Task directions: Restate word for word the lines below from the one that has "Anjali in saree at event" through the one that has "Panorama 'Misty Sunrise", keeping both and dropping all pictures.

Given data:

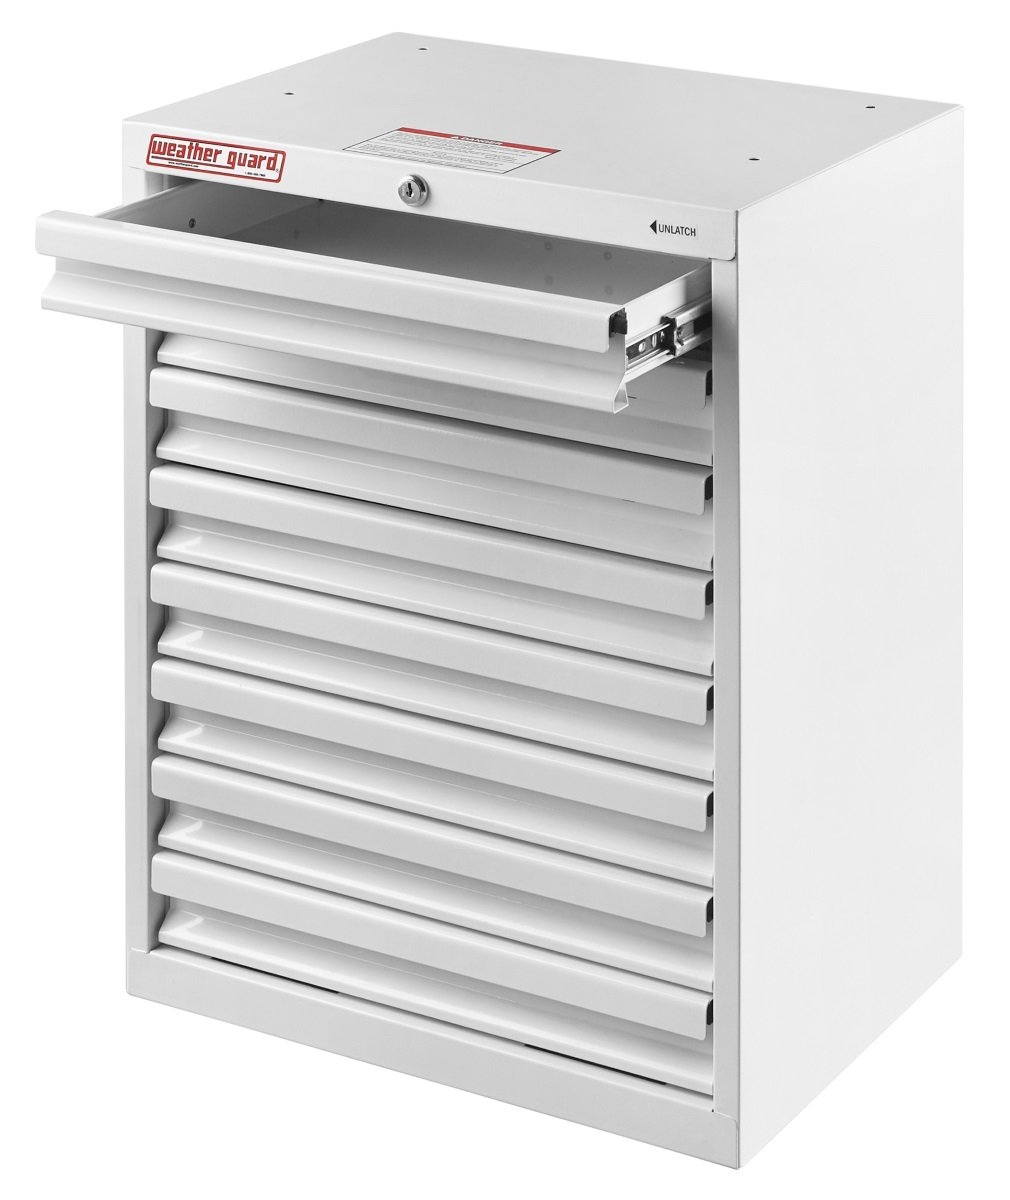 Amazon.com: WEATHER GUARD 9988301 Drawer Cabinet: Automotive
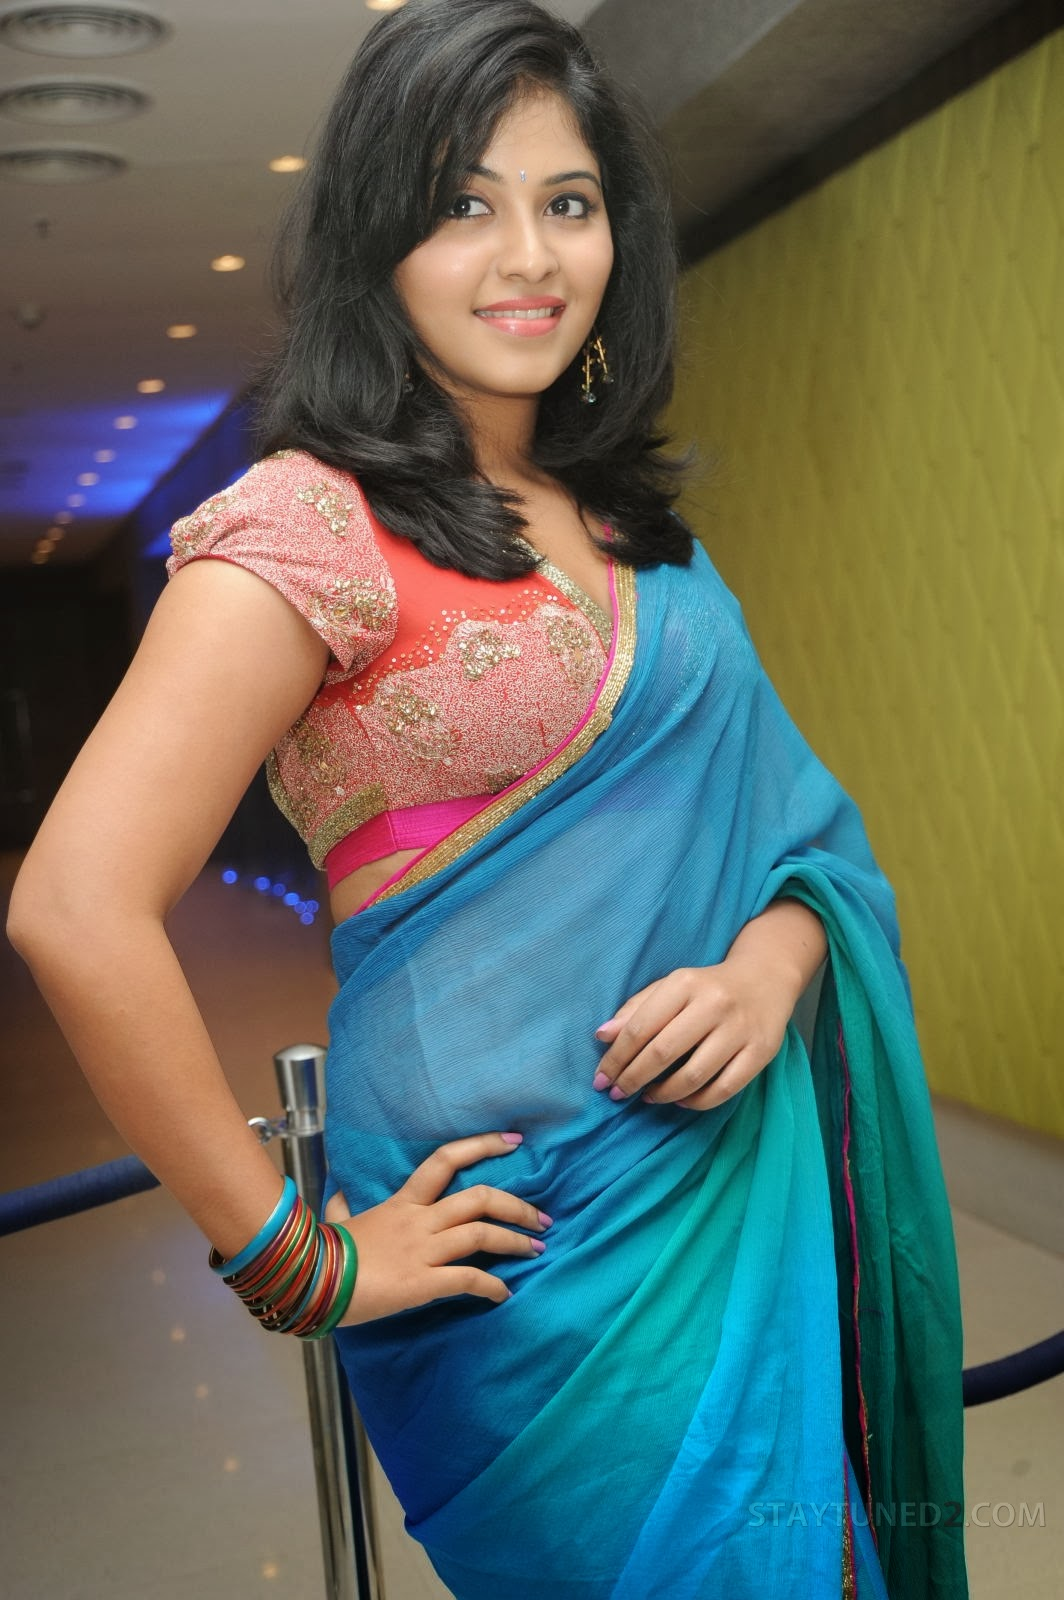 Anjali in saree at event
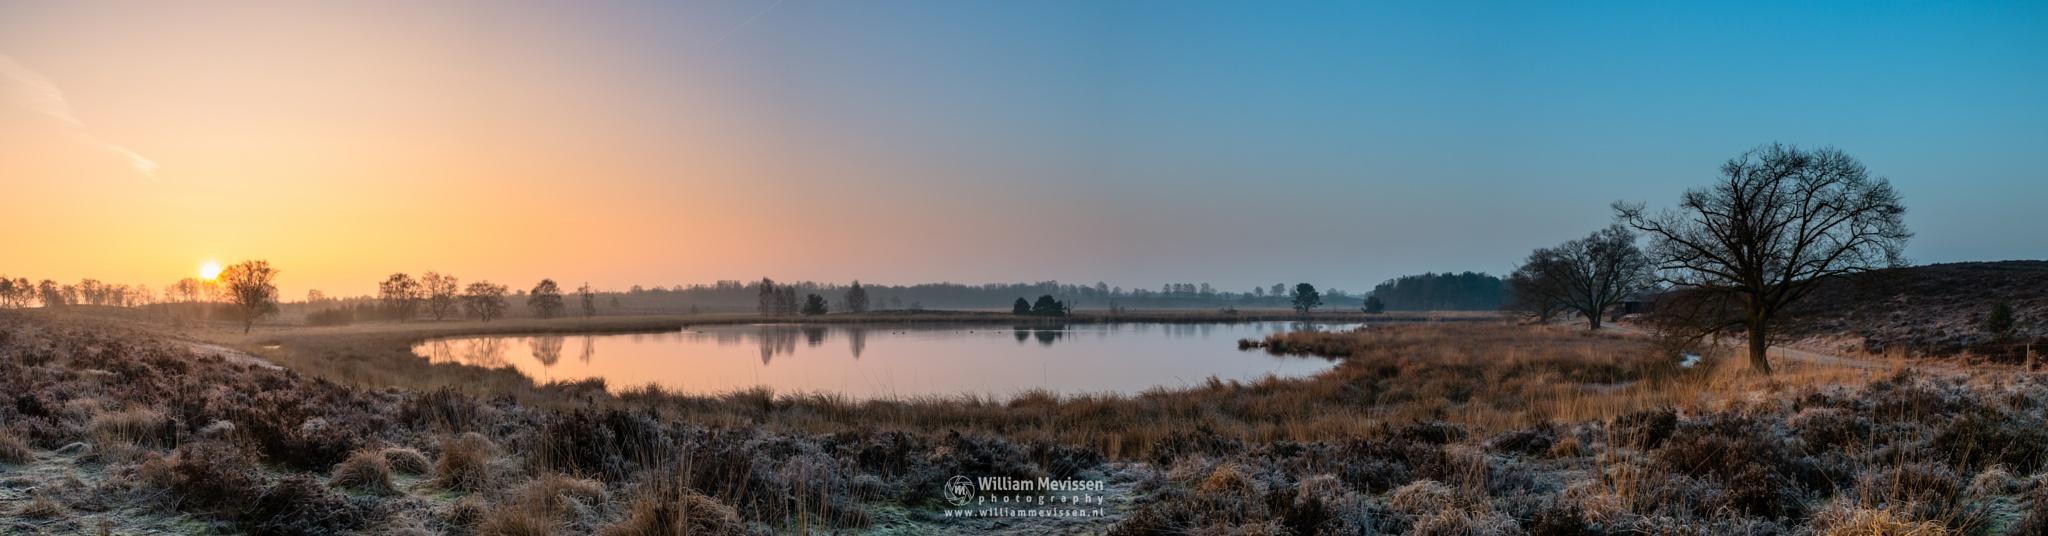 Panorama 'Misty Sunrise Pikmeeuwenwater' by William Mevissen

* * *

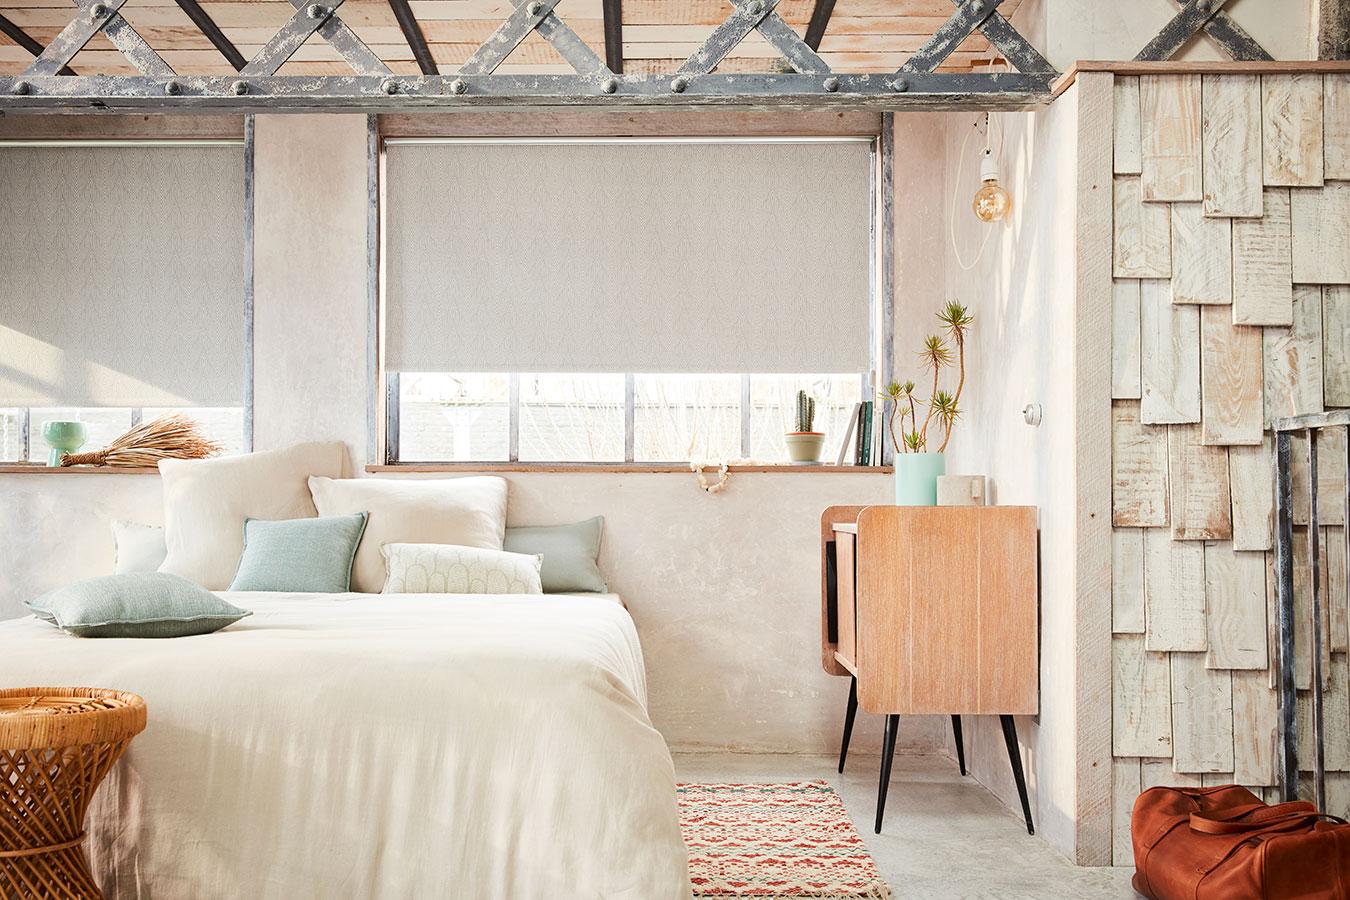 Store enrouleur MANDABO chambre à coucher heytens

Task result:
 Anjali in saree at event
 Panorama 'Misty Sunrise Pikmeeuwenwater' by William Mevissen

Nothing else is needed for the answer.